SkepticLance Posted June 17, 2008 Posted June 17, 2008 Rev Please don't over-react. I was trying to introduce a bit of balance here. We get lots of people, enthusiastic about promoting the harm of global climate change, who accuse their debate opponents of being vested interests, or influenced by such. I am pointing out that there are, as always, two sides to any story. Just as there are vested interests in the oil industry etc., there are also vested interests in the newer industries that claim to reduce carbon emissions. Those whose careers depend on public interest in global climate change are also vested interests.
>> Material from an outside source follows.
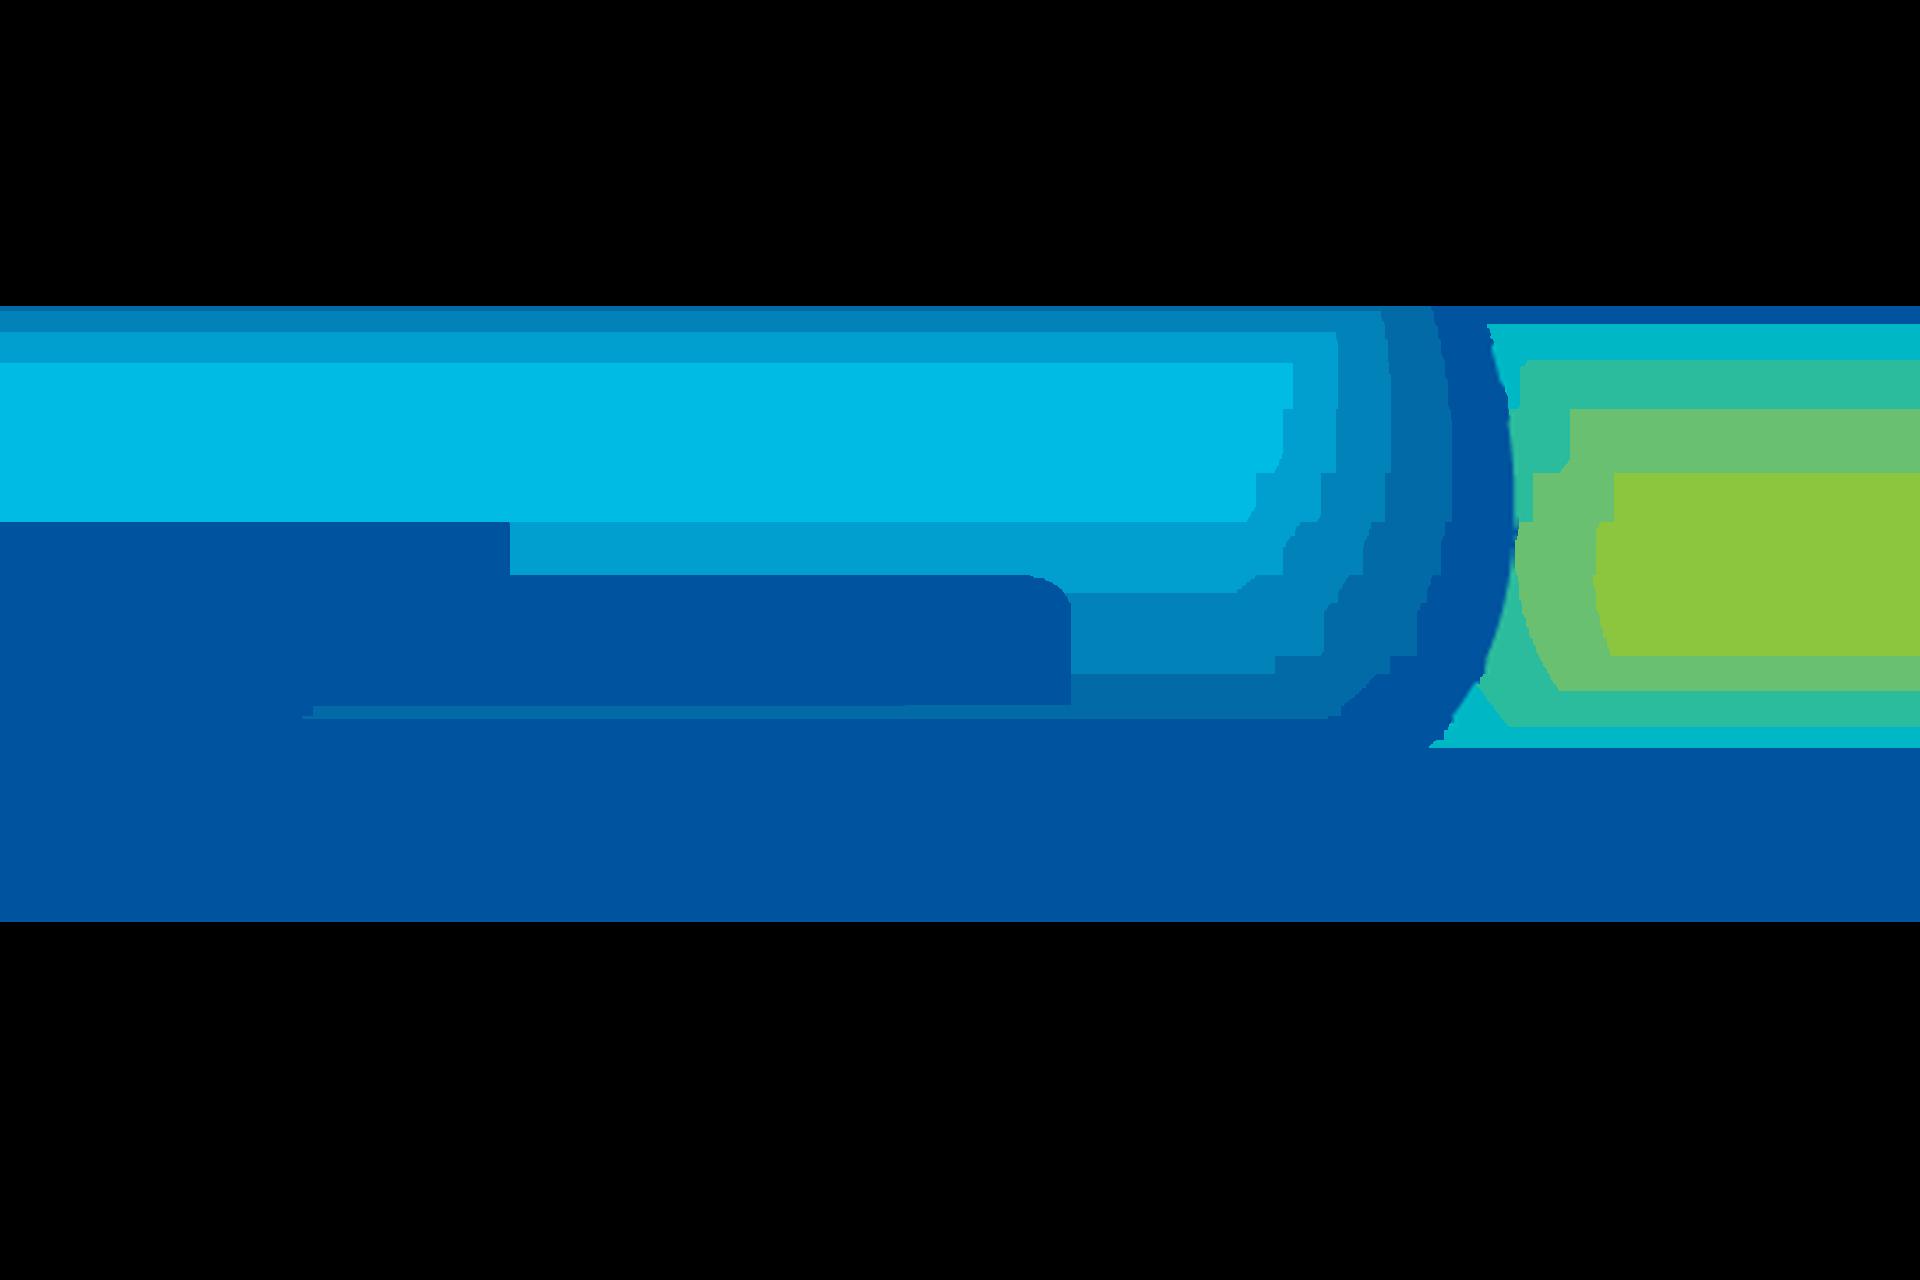 johnson controls referenz jentner metallveredelung logo farbig
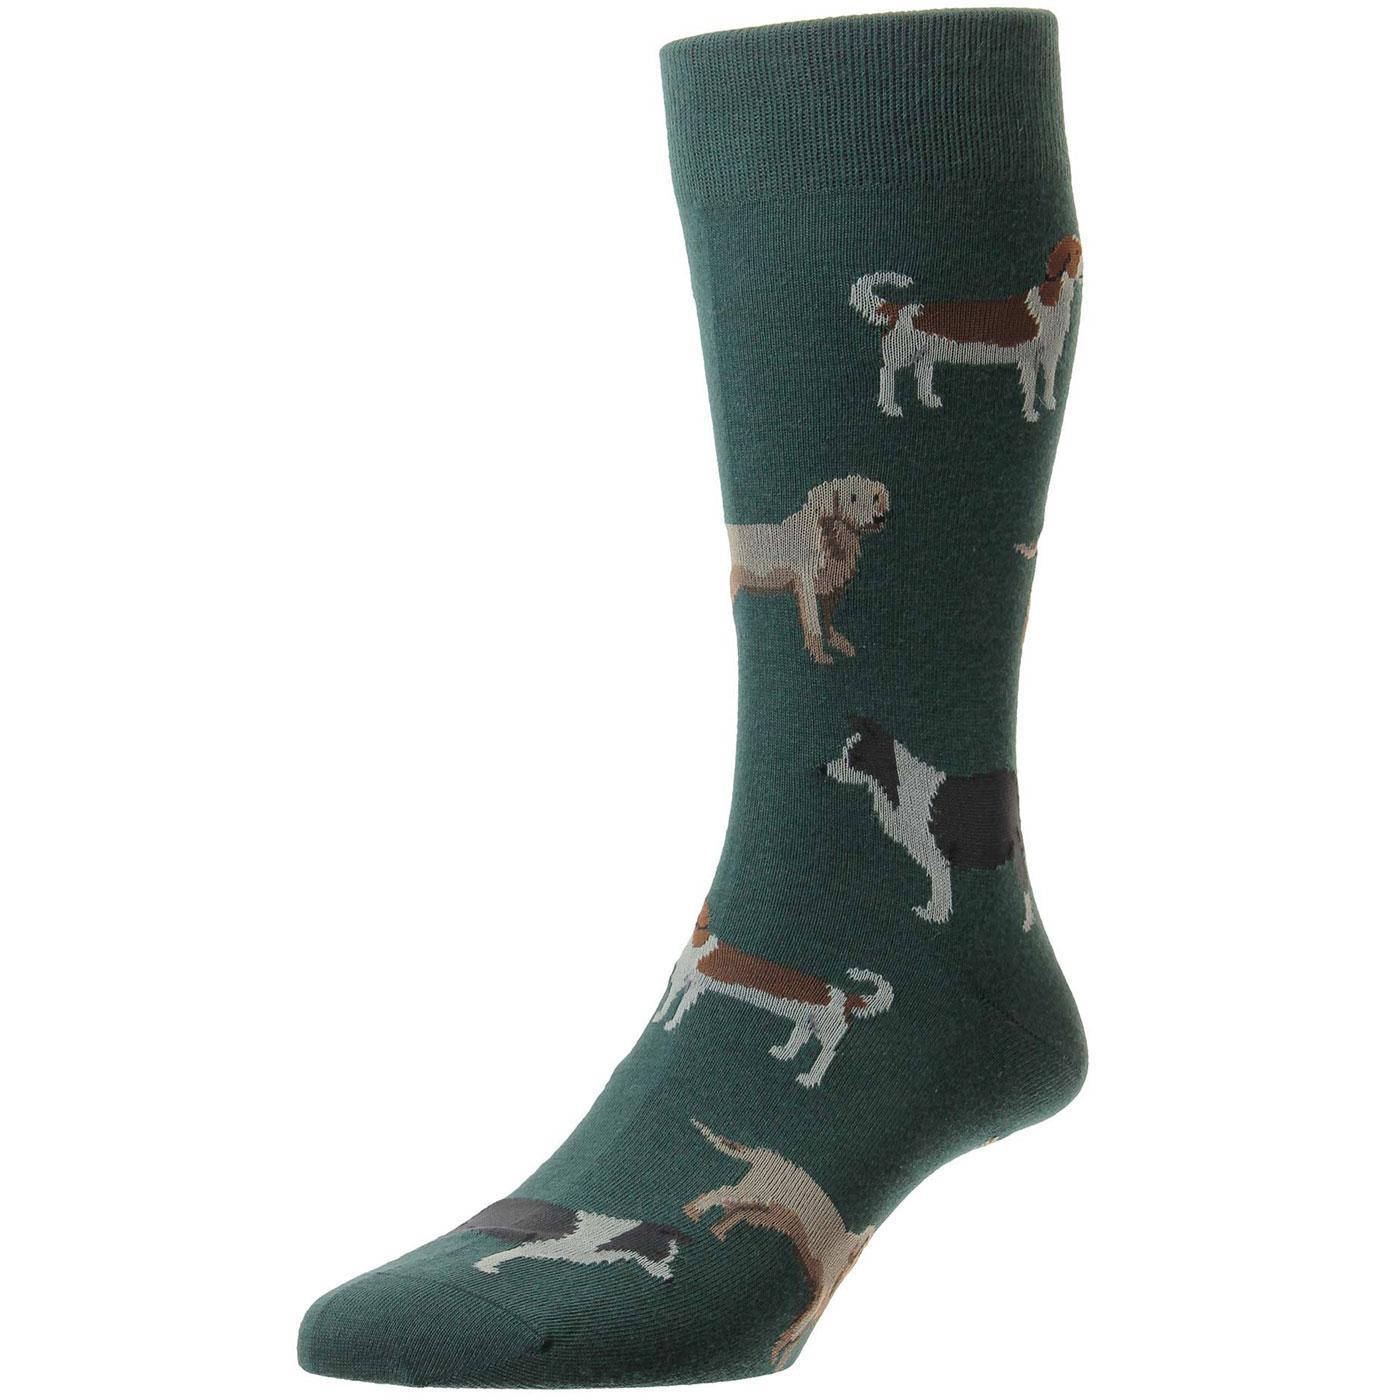 + Peder Dogs SCOTT-NICHOL Mens Dogs Pattern Socks

This is not an attack on anyone. It is just introducing a bit of balance. There are two sets of vested interests, supporting two sides of the debate. Simple.
iNow Posted June 17, 2008 Posted June 17, 2008 Just because there are two opposing sides to an argument does not mean that the truth resides directly in the middle. Sometimes, there are opposing sides, and one side is simply wrong.
SkepticLance Posted June 17, 2008 Posted June 17, 2008 iNow I did not make that claim. Sometimes the truth is somewhat elusive and slippery. Hence these long debates. All I am saying is that there are vested interests on both sides of this argument. If we are honest, we will recognise that fact.
swansont Posted June 17, 2008 Posted June 17, 2008 iNowI did not make that claim. Sometimes the truth is somewhat elusive and slippery. Hence these long debates. The debates get longer when claims are made without supporting evidence being presented, and questions go unanswered.